Our research

T cells have the potential to control and eradicate cancer, but in many cases T cells recognizing tumor-specific antigens (also called neoantigens) and recruited to the tumor site fail to achieve tumor destruction due to an immunosuppressive milieu. A powerful strategy to subvert immunosuppression consists in the targeted stimulation of tumor-specific T cells using neoantigen vaccination.

Unfortunately, as to date, the identification of tumor neoantigens is still inefficient, requiring sequencing of tumor tissue and computational prediction which often fails to correctly predict immunogenicity. Here we propose to develop a novel approach for the discovery of tumor neoantigens based on the rapid screening of the TCR specificity exhibited by tumor infiltrating lymphocytes.
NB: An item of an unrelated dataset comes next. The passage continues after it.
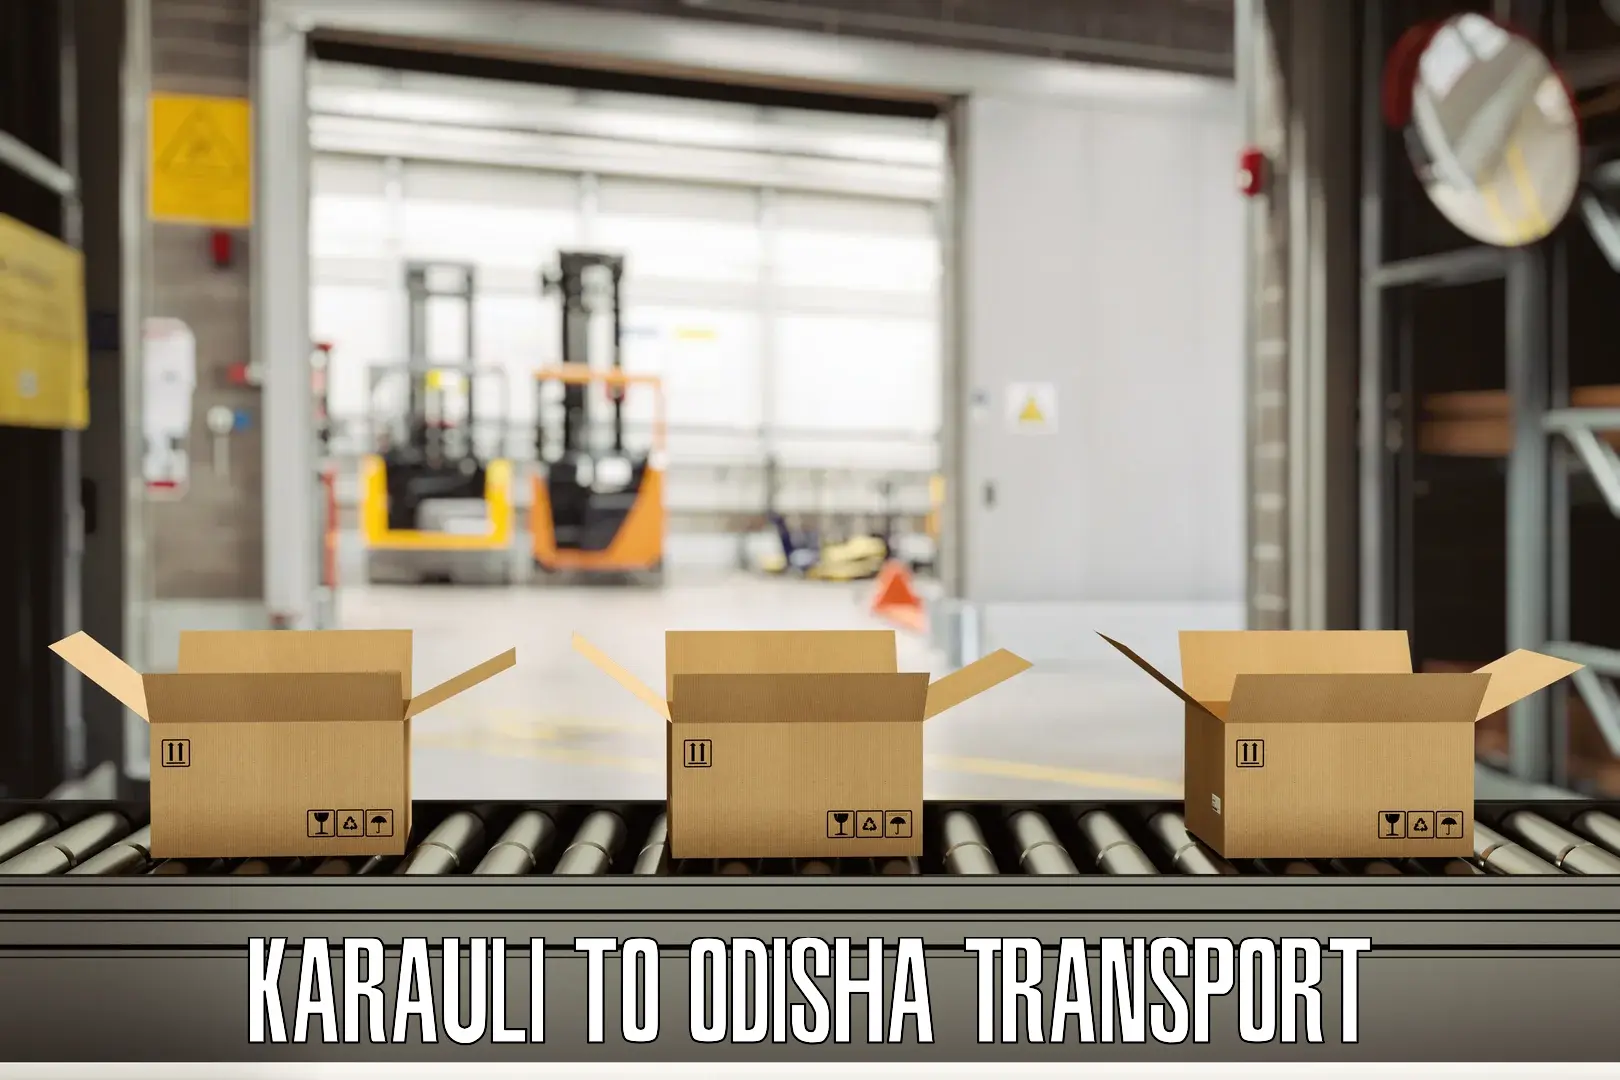 India truck logistics services Karauli to Talcher
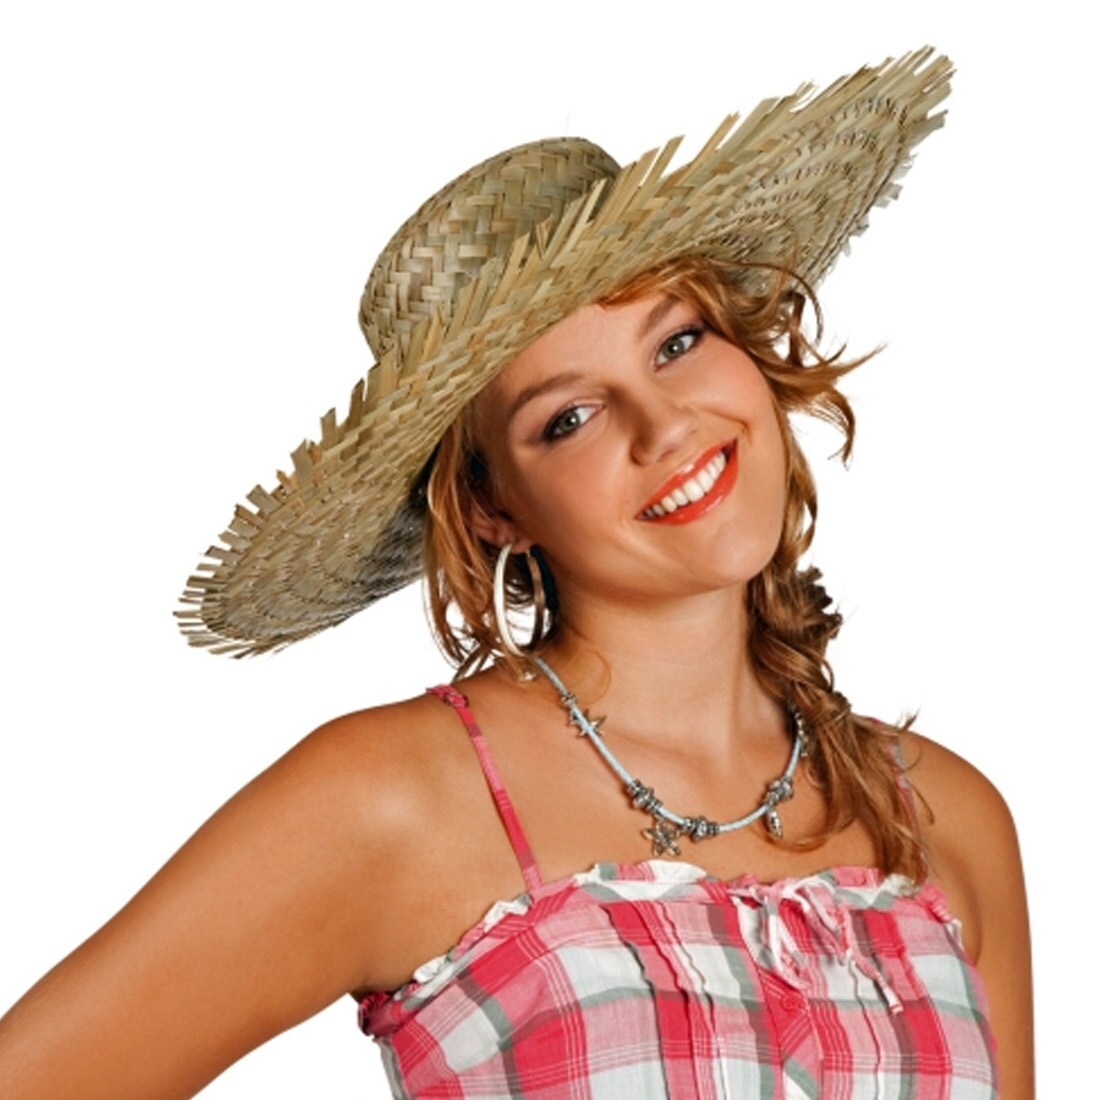 Партия шляп. Девушка в соломенной шляпе. Соломенная шляпа и костюм. Наряды с соломенной шляпой. Нарядные девушки в соломенных шляпах.

This approach has the potential to radically improve our ability to design effective neoantigen vaccines for tumors.

Therapies based on Chimeric Antigen Receptor (CAR) engineered T cells and on tumor infiltrating lymphocytes (TILs) represent powerful and targeted immunotherapeutic strategies against cancer. Several preclinical studies have investigated how therapeutic T cells directly impact tumor cells, highlighting their cytotoxic and surveillance capacity.

Nevertheless, because these “living drugs” enter a niche composed not only of tumor cells but also of endogenous immune cells, it is essential to understand how this interplay influence therapeutic efficacy. This project aims to explore the interactions occurring between therapeutic T cells and immune cells in the TME and to characterize their functional consequences on anti-tumor response.

This study will contribute to a better understanding of the anti-tumoral immune response, with findings that can be leveraged for the design of novel therapeutic strategies, that combine tumor killing and the support of the endogenous immune system.